Ils sont vêtus d’une même parure où se marient le noir et le blanc ;

Ce sont des orques admirables parties pour une tournée de chasse ;

Ces prédateurs font régner la terreur car ils sont voraces.

Les voilà autour d’une mère baleine qui cajole son petit...

Alors commence une poursuite qui excite leur appétit.

Les distinguées de la bande s’appliquent à écarter les deux,

Puis, ils attaquent le jeune sans défense en lui crevant les yeux.

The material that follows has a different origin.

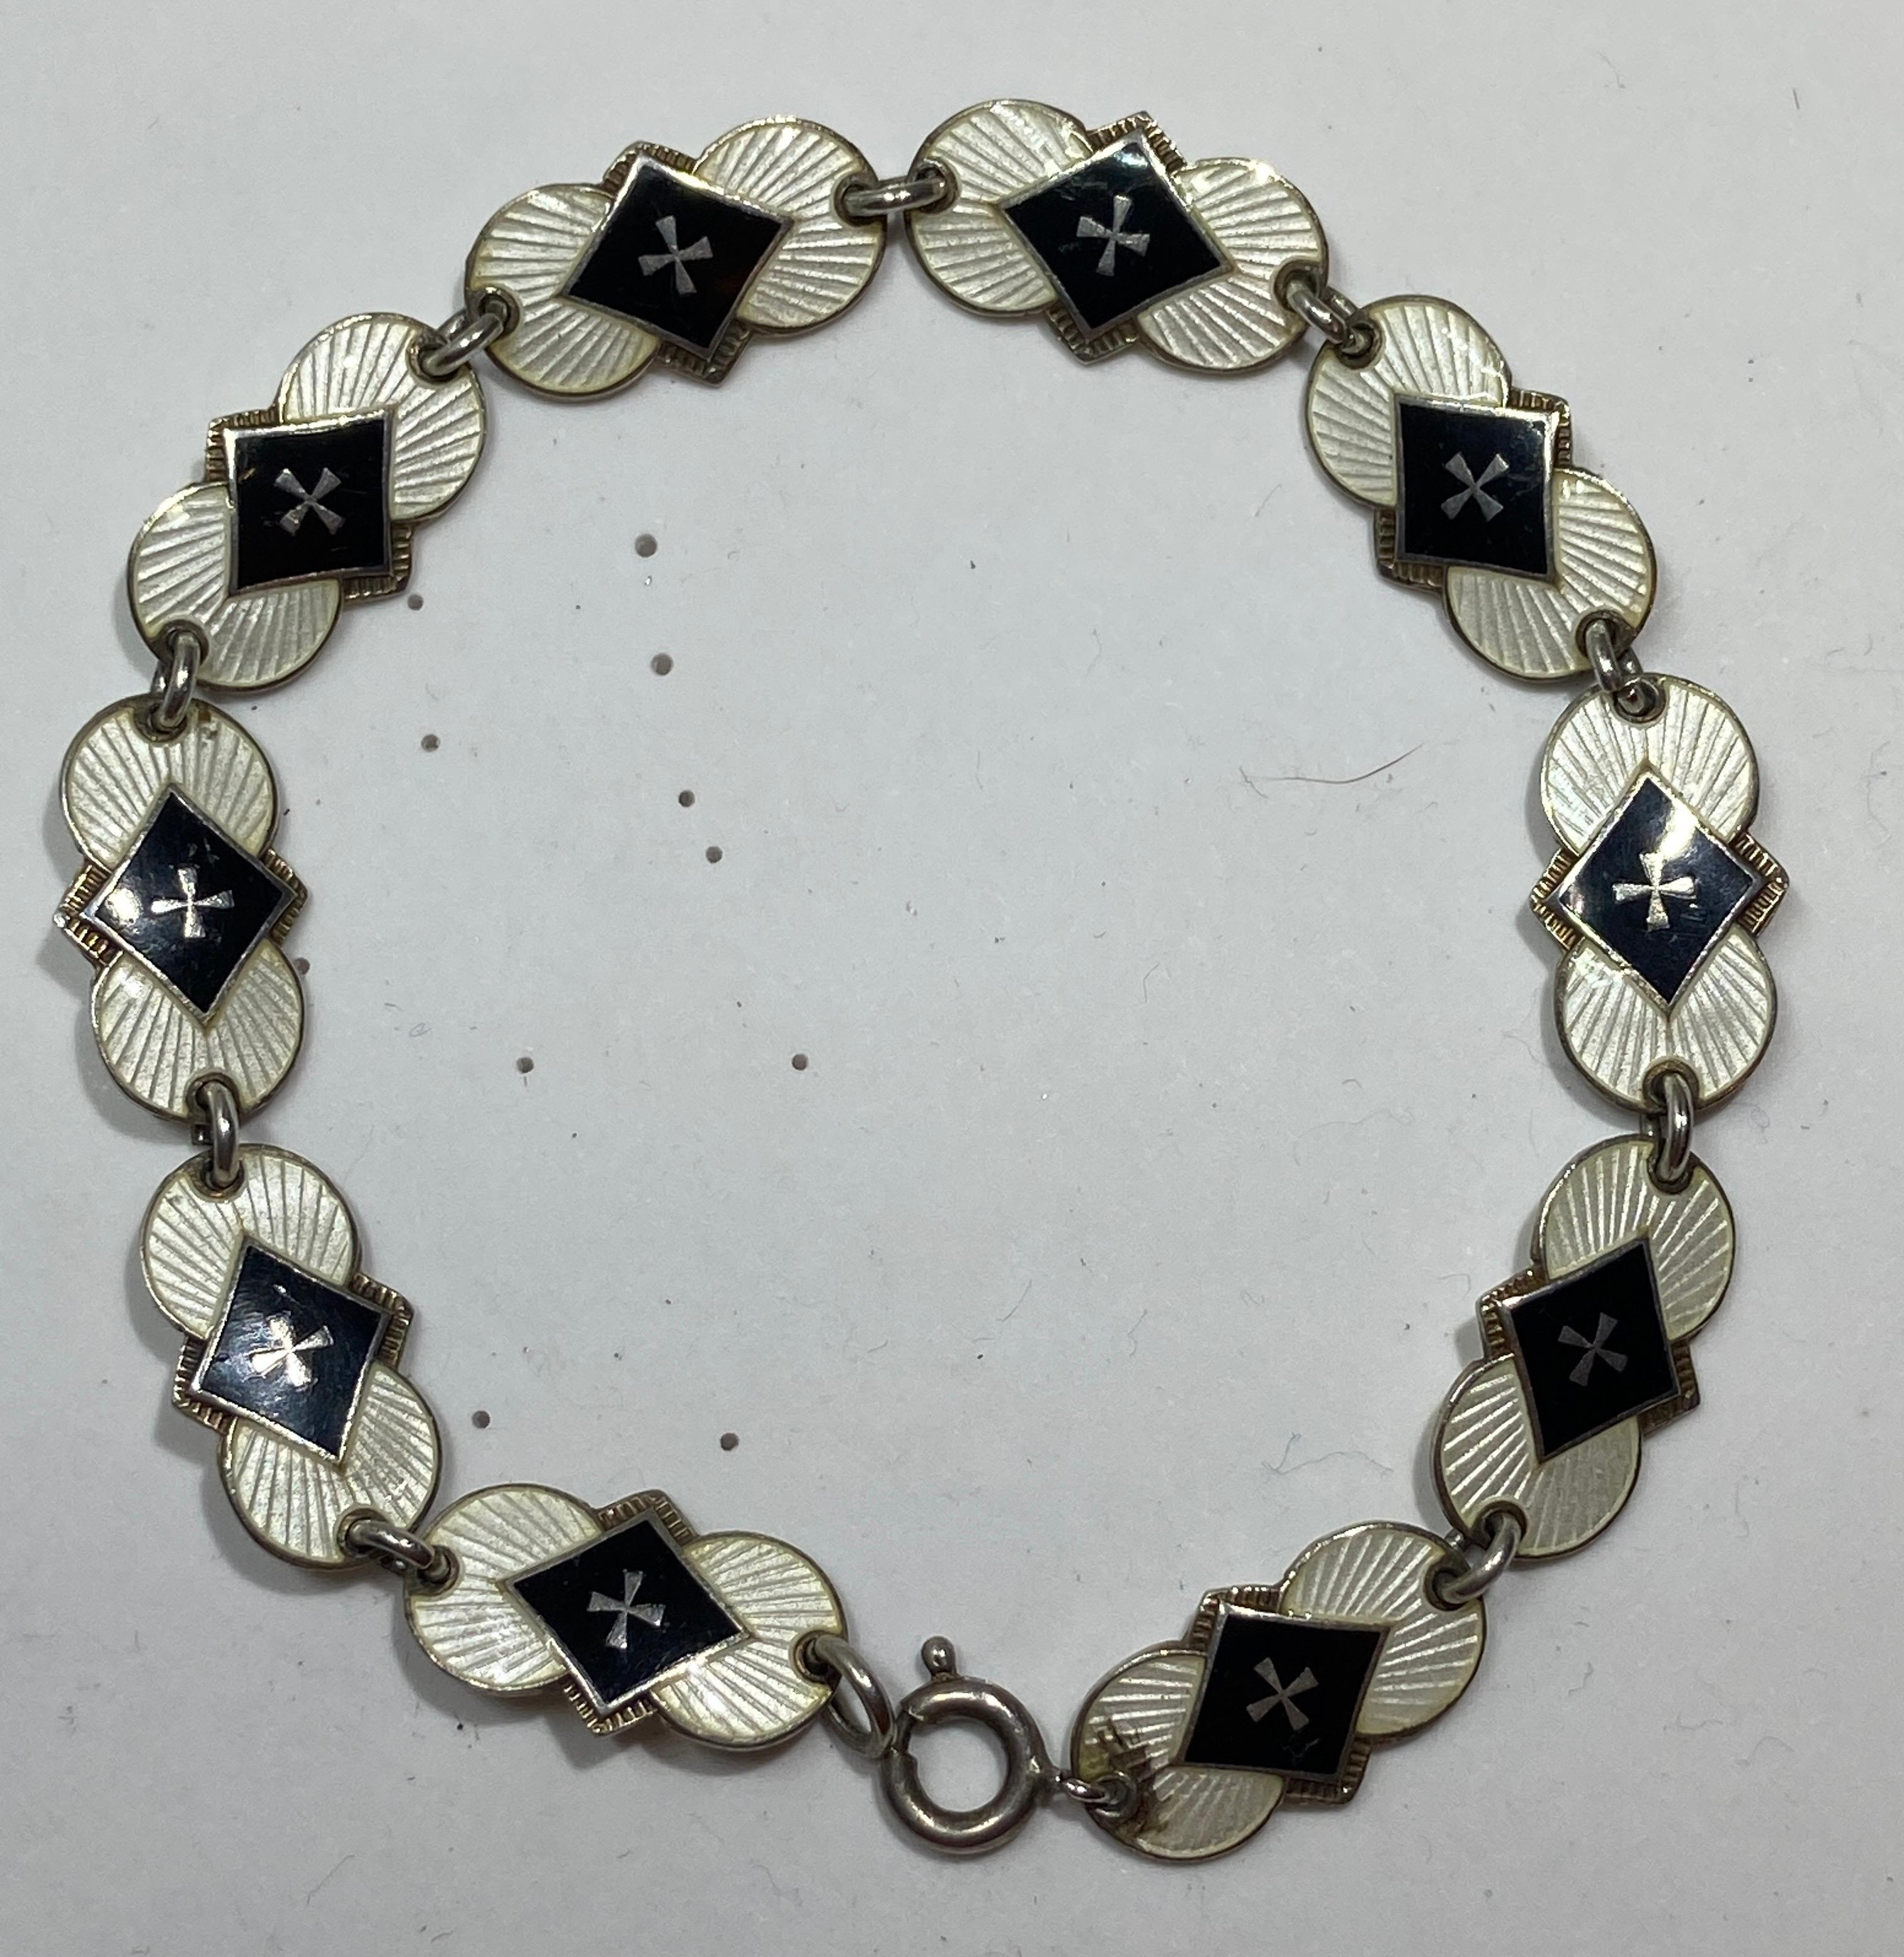 Wonderfully detailed sterling silver link bracelet with exquisite detailed black and cream baked enamel overlay. The total length measures 7 inches. width measures 3/8 of an inch. Maker's mark etched on the back. Made in England.

Ensemble, ils lui dévorent la tête et abandonnent les restes,

Se retirent, heureux d’avoir satisfait leur passion funeste.

Quand la mère retrouvera ce qui reste de son idylle,

Elle versera des torrents de larmes imperceptibles.

Si son angoisse se mesure à sa taille, quelles crampes d’entrailles!

Si sa douleur est comme son amour, quelle grande douleur !

La nature du péché se définit surtout par une cruauté inouïe,

Exercée par ceux qui oppriment pour satisfaire leur appétit.

Voyez ces crocodiles qui transforment la rivière en charnier,

Pour stocker les cadavres des pauvres buffles aventuriers.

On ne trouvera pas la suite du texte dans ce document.